_REQUIRED WORK_.
Restate the data word for word. Leave the pictures out.

_DATA BELOW_.

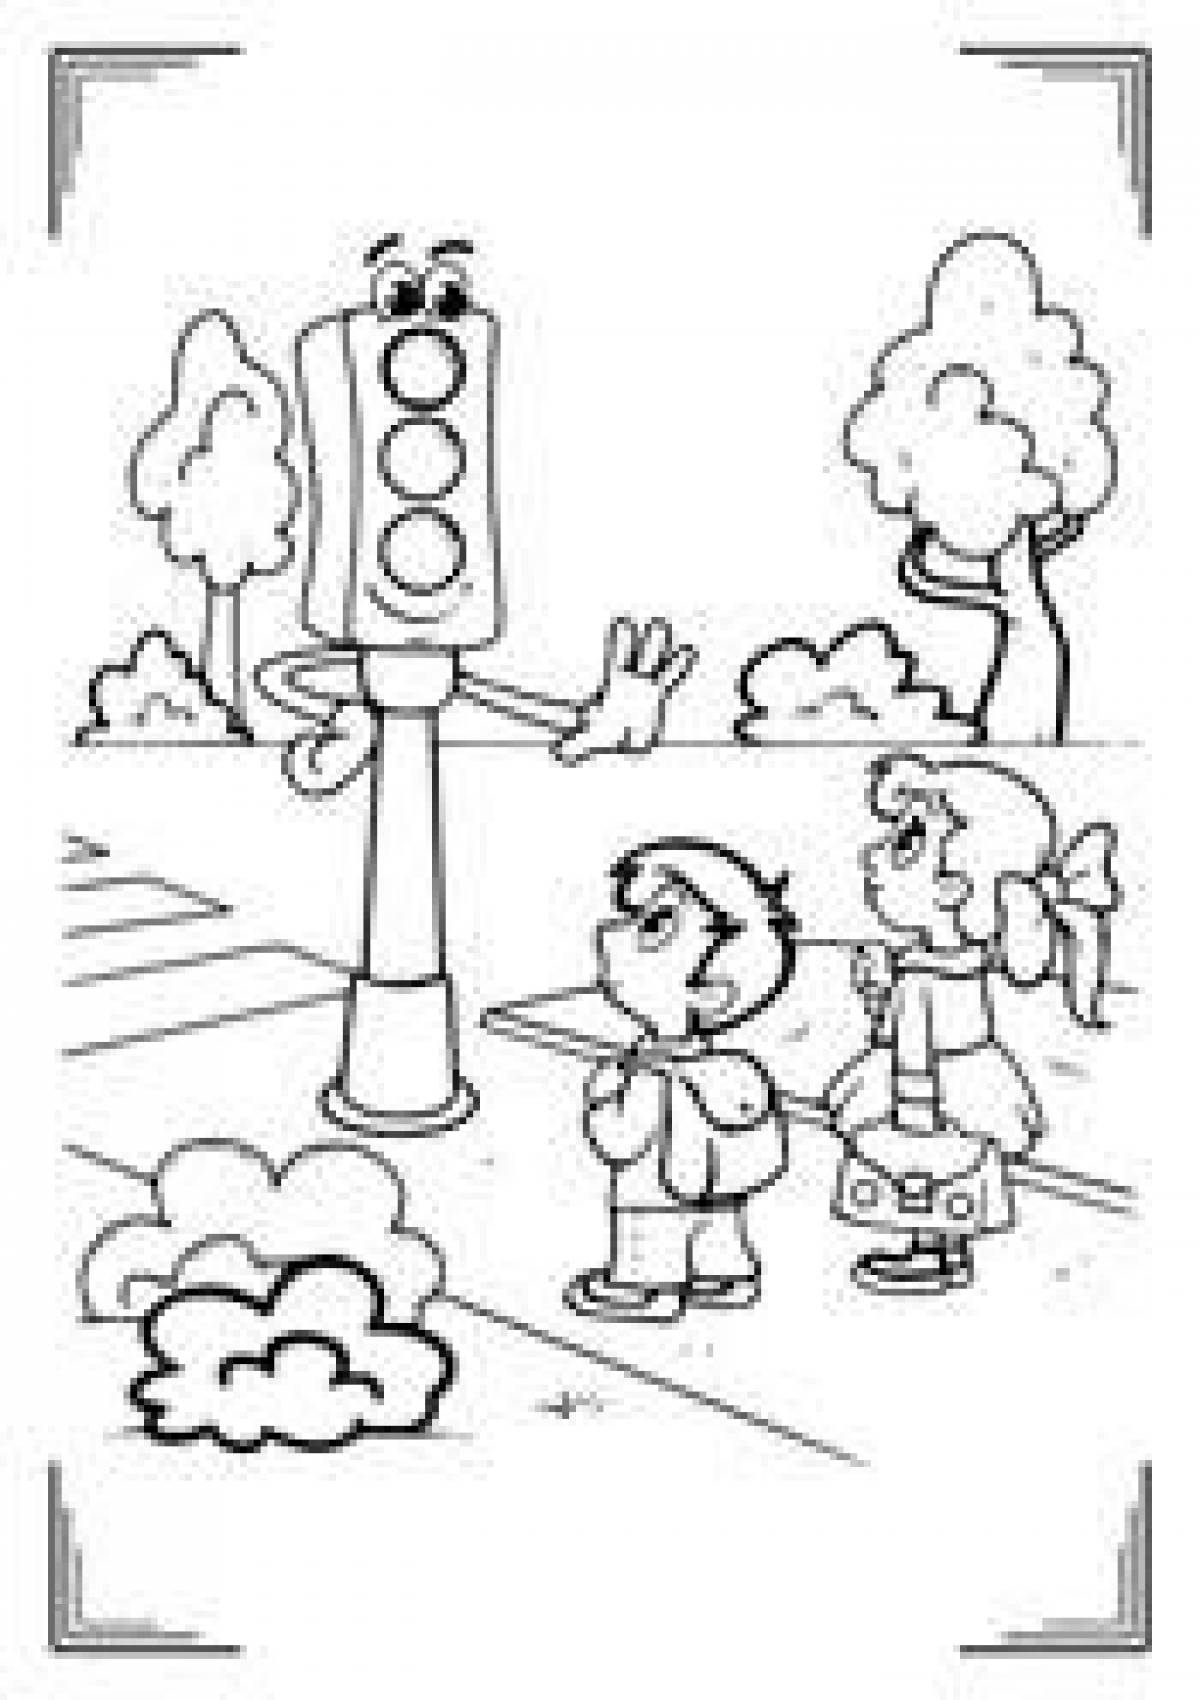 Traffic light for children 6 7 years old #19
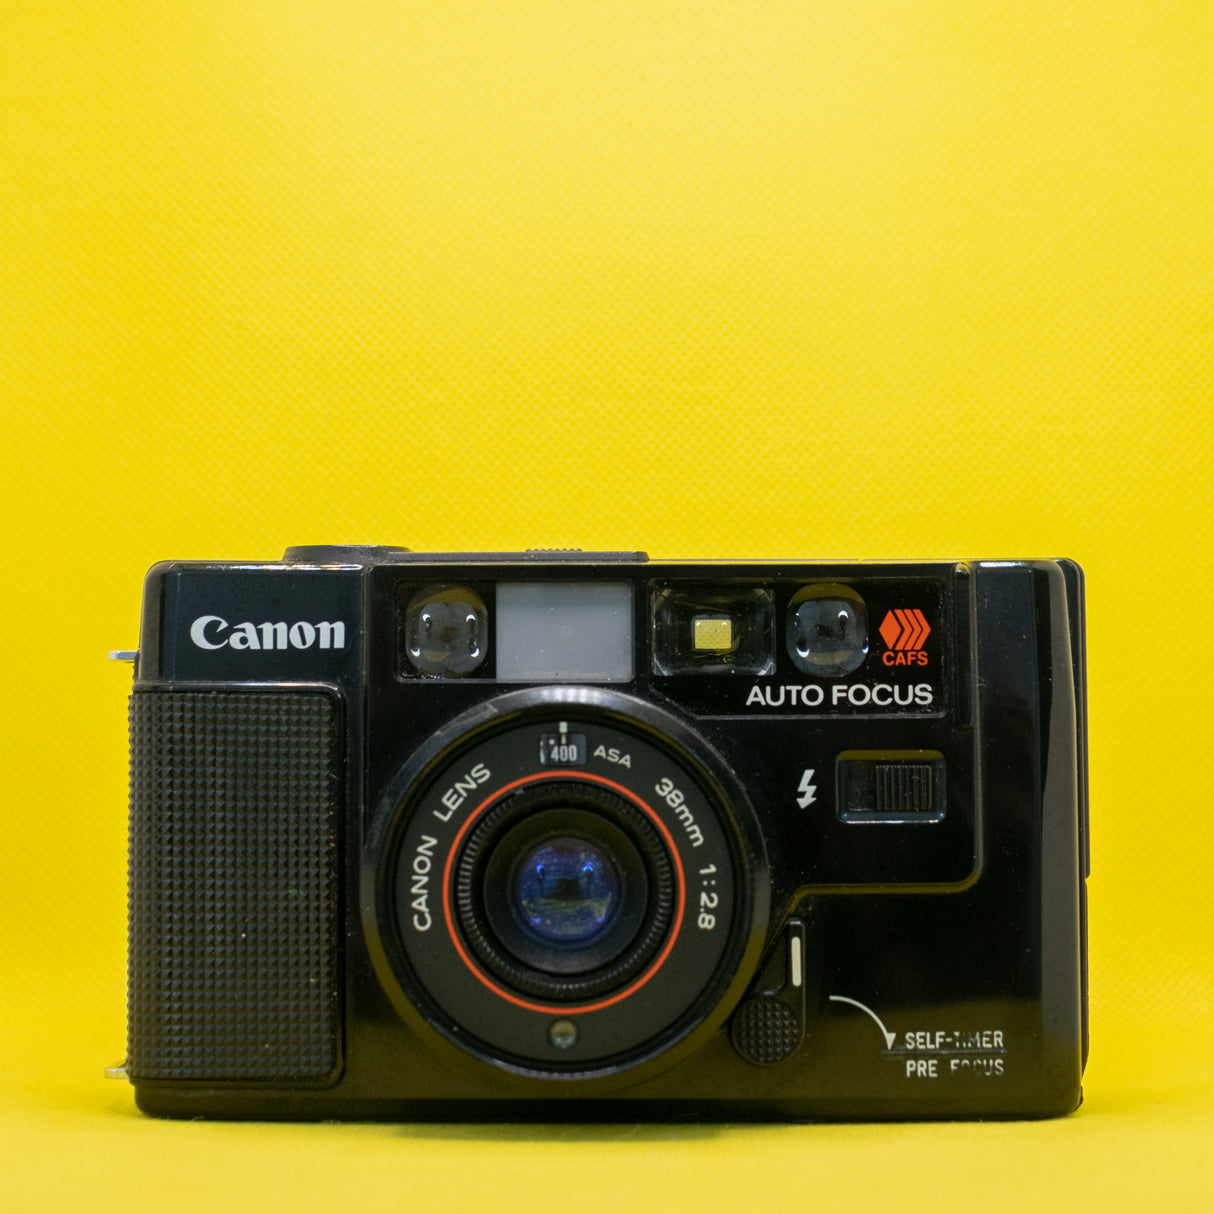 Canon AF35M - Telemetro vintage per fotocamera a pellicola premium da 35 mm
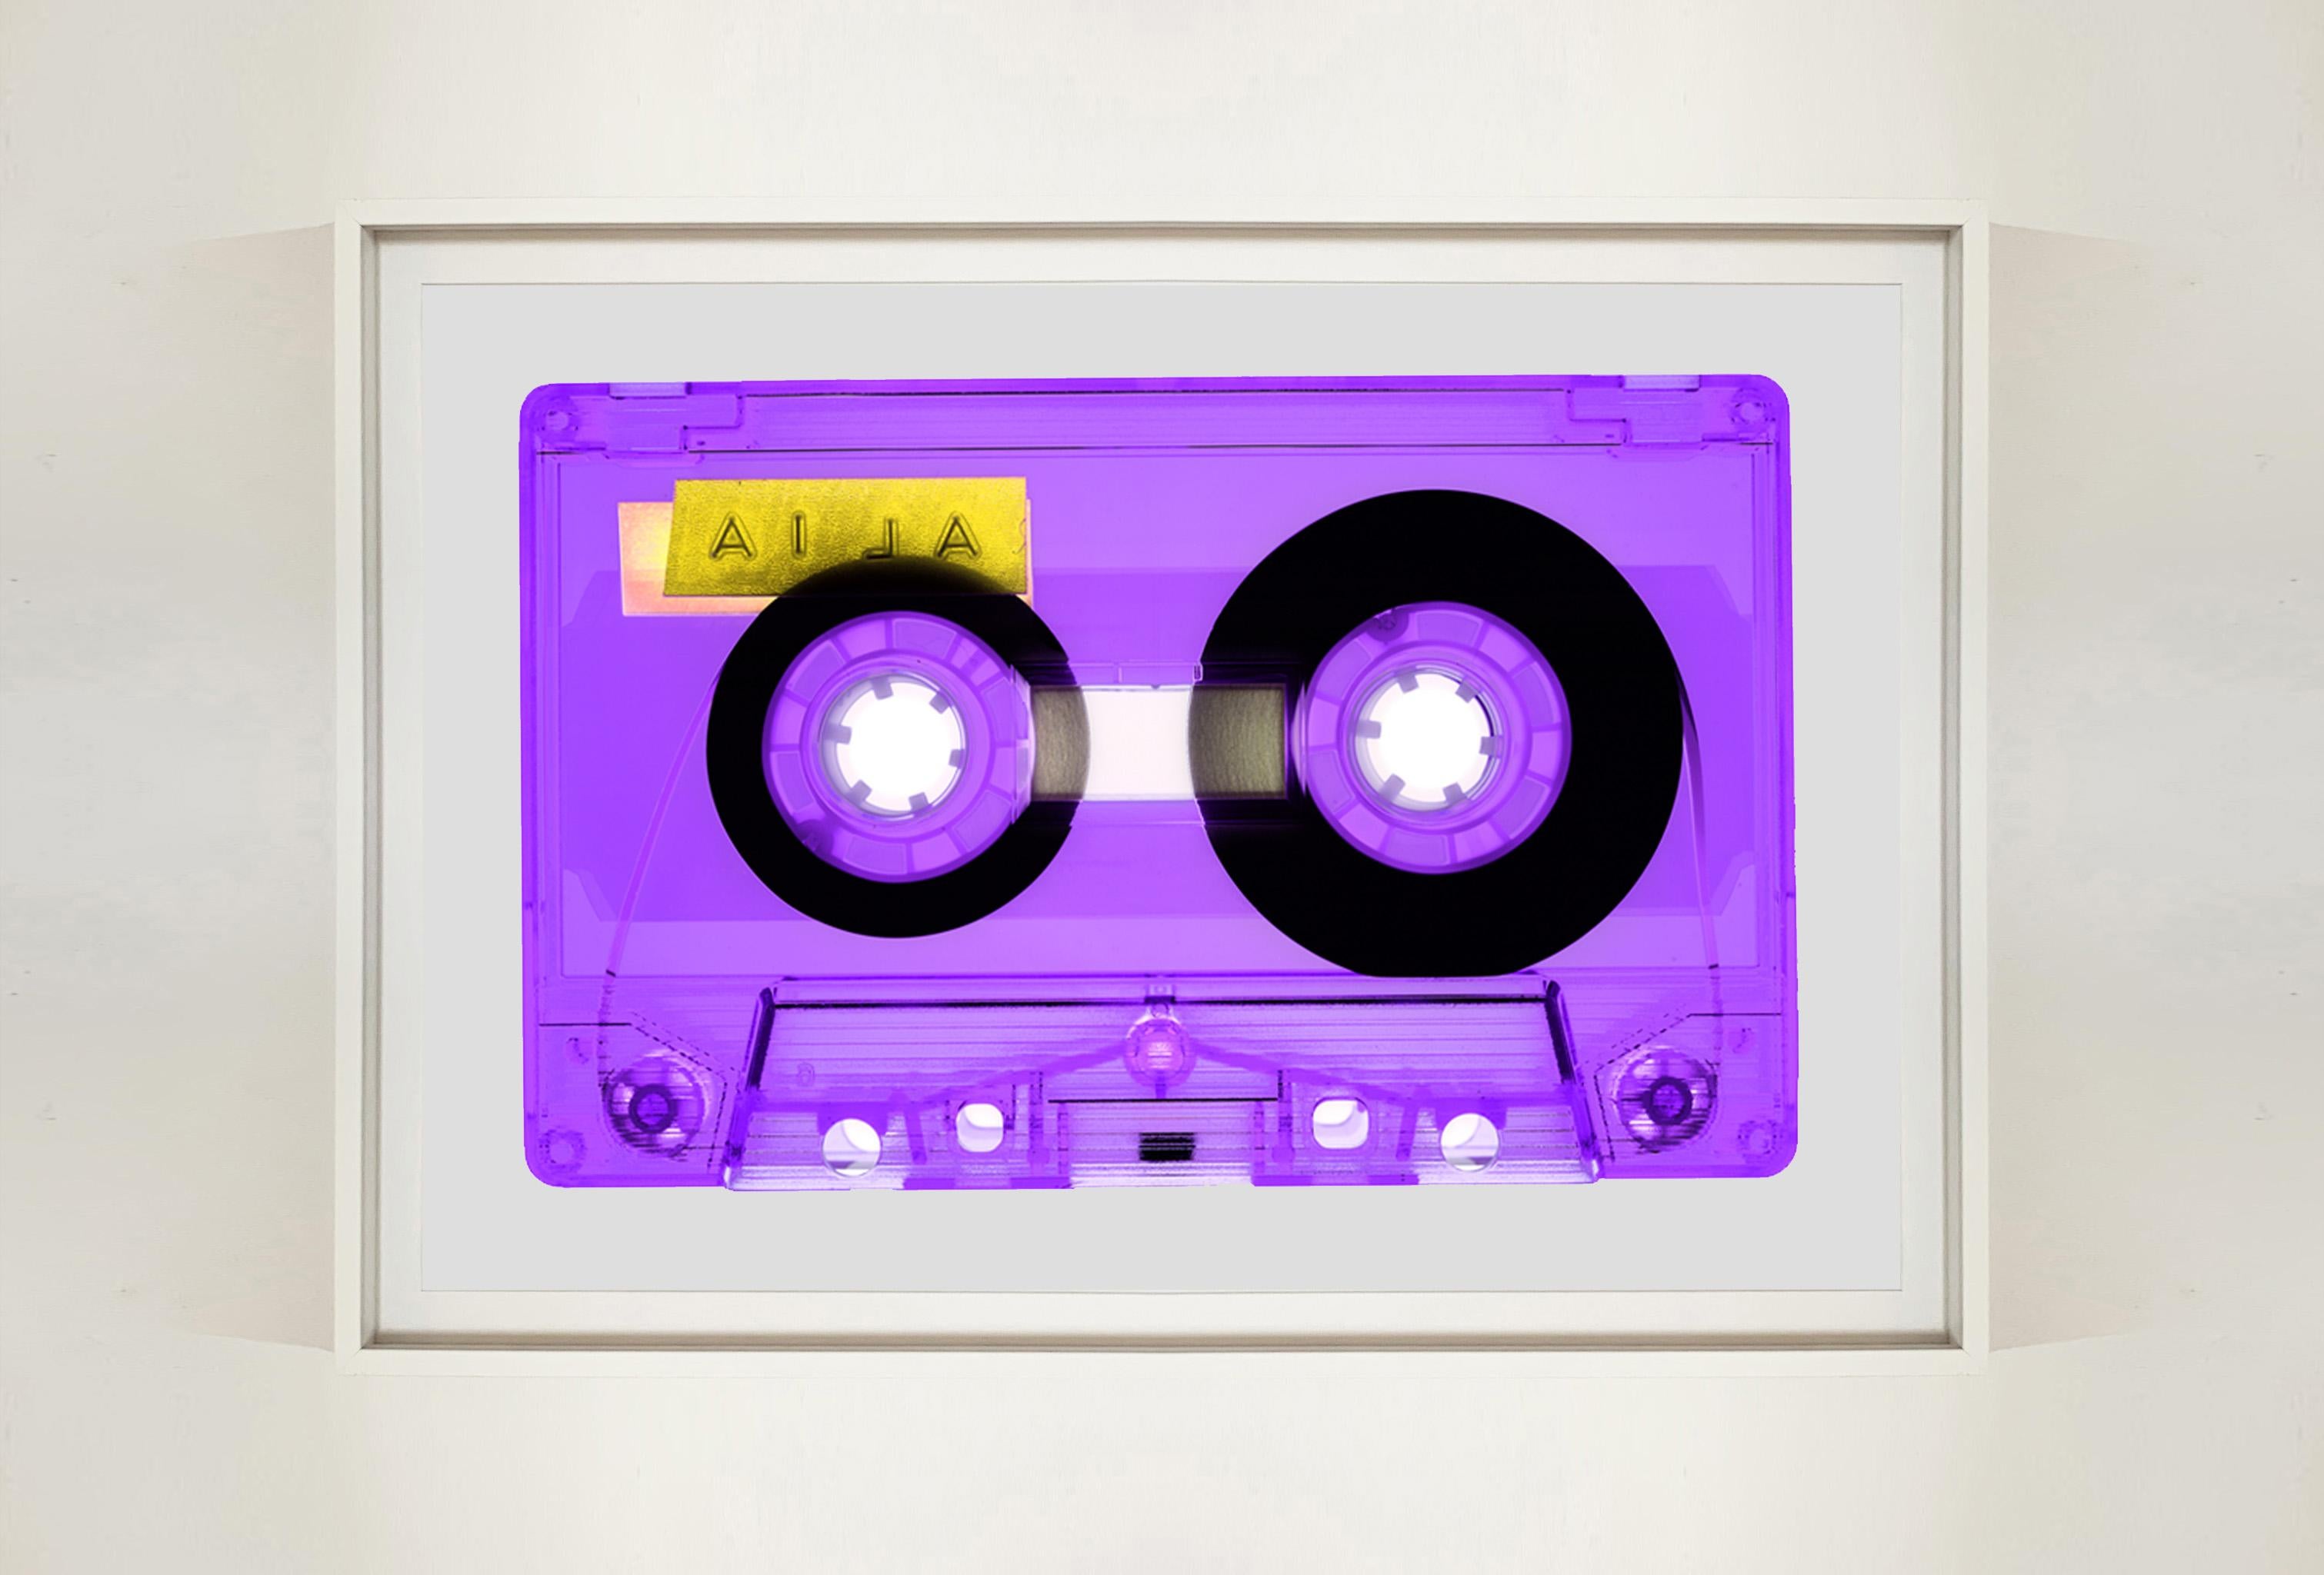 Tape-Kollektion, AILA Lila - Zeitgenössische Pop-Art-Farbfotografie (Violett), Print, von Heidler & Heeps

_ANSWER BOX_.
 Traffic light for children 6 7 years old #19
 Canon AF35M - Telemetro vintage per fotocamera a pellicola premium da 35 mm
 Tape-Kollektion, AILA Lila - Zeitgenössische Pop-Art-Farbfotografie (Violett), Print, von Heidler & Heeps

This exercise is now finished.